The European Union (EU) has issued the Corporate Sustainability Reporting Directive (CSRD), legislation that requires sustainability reporting and may go into effect as early as 2024. In Canada, it is expected that about 1,300 companies (including private companies) will be impacted due to having either EU operations or a debt/equity listing on an EU- regulated market. The CSRD disclosure requirements are significantly broader than those being contemplated by the SEC and the CSA, adding to the complexity of determining whether compliance with this new legislation is required.

New ISSB standards

With the issuance of the ISSB new standards, organizations are looking to navigate a new era of reporting on their climate and sustainability performance. The ISSB was established by the International Financial Reporting Standards (IFRS) Foundation to develop a global, consistent baseline for sustainability-related financial disclosures. Its new standards call for high-quality, transparent, and reliable reporting by companies on climate and other sustainability topics.

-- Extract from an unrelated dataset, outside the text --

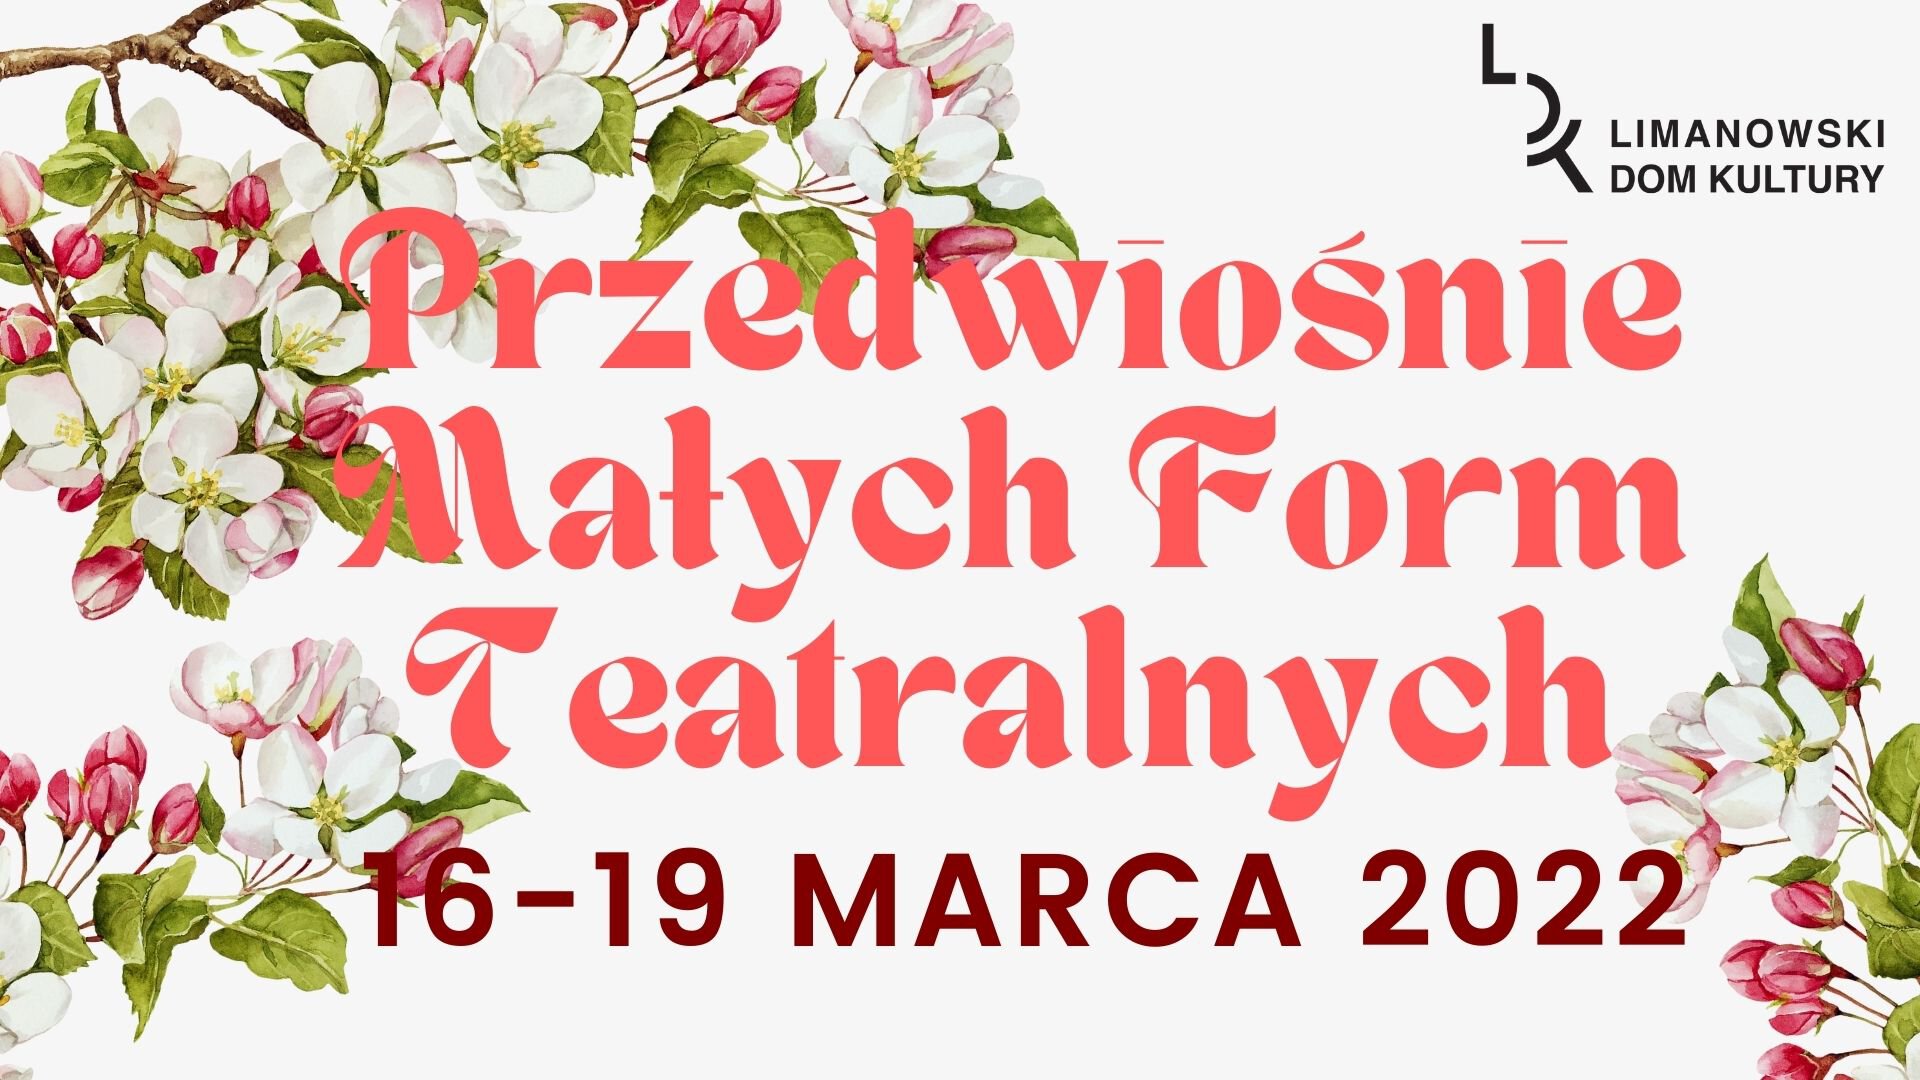 Plakat informujący Przedwiosnie Malych Form Teatralnych 16 -19 Marca 2022 Limanowski Dom Kultury. Na jasnym tle rysunek przedstawiający gałęzie jabłoni.
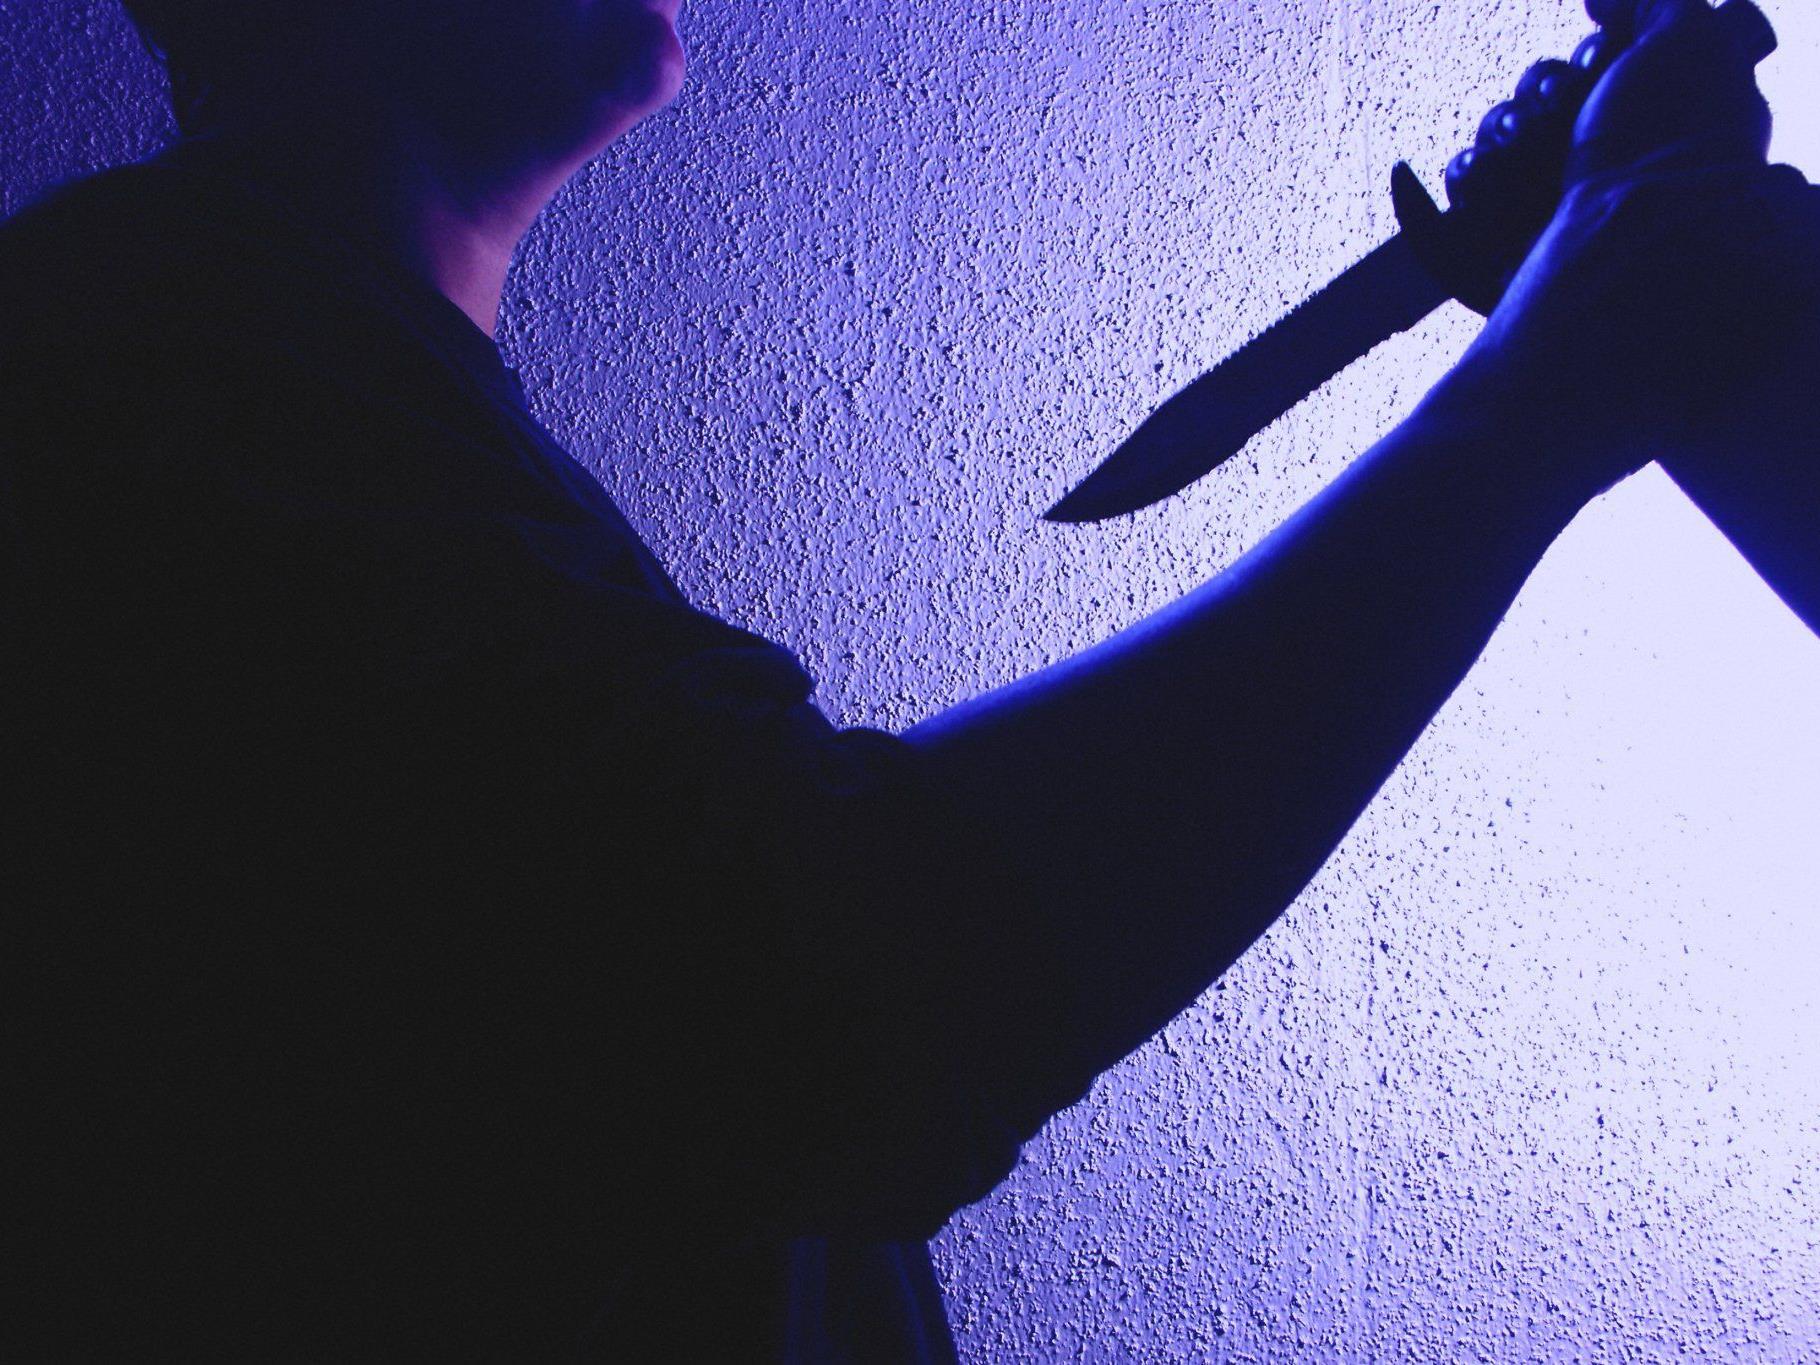 Der vorerst unbekannte Täter zückte das Messer und rammte es dem 18-Jährigen in den Bauch.

The ISSB standards represent the biggest changes to corporate reporting in decades and are essential for addressing the needs of global capital markets.

Key takeaways:

What we are waiting for in the Canadian landscape:

  • The CSSB will review the ISSB standards and decide whether any changes are necessary to make them appropriate for the Canadian landscape (i.e. forming CSSB’s standards).
  • The CSA will then consider whether and over what time these CSSB standards should be mandate. 

Here are three major impacts on Canadian companies resulting from the new standards:

  1. Sustainability reporting will be different from what it’s been up until now—the ISSB standards require companies to disclose the links between environmental risks and financial results.
  2. The finance function’s role in reporting is changing—getting alignment on the target operating model for reporting and the role that finance and other parts of the organization are going to play is a crucial first step.
  3. Reporting cycles are likely to get shorter—sustainability reporting will most likely be included in the same reporting cycle as the annual information form (AIF) or management’s discussion and analysis (MD&A).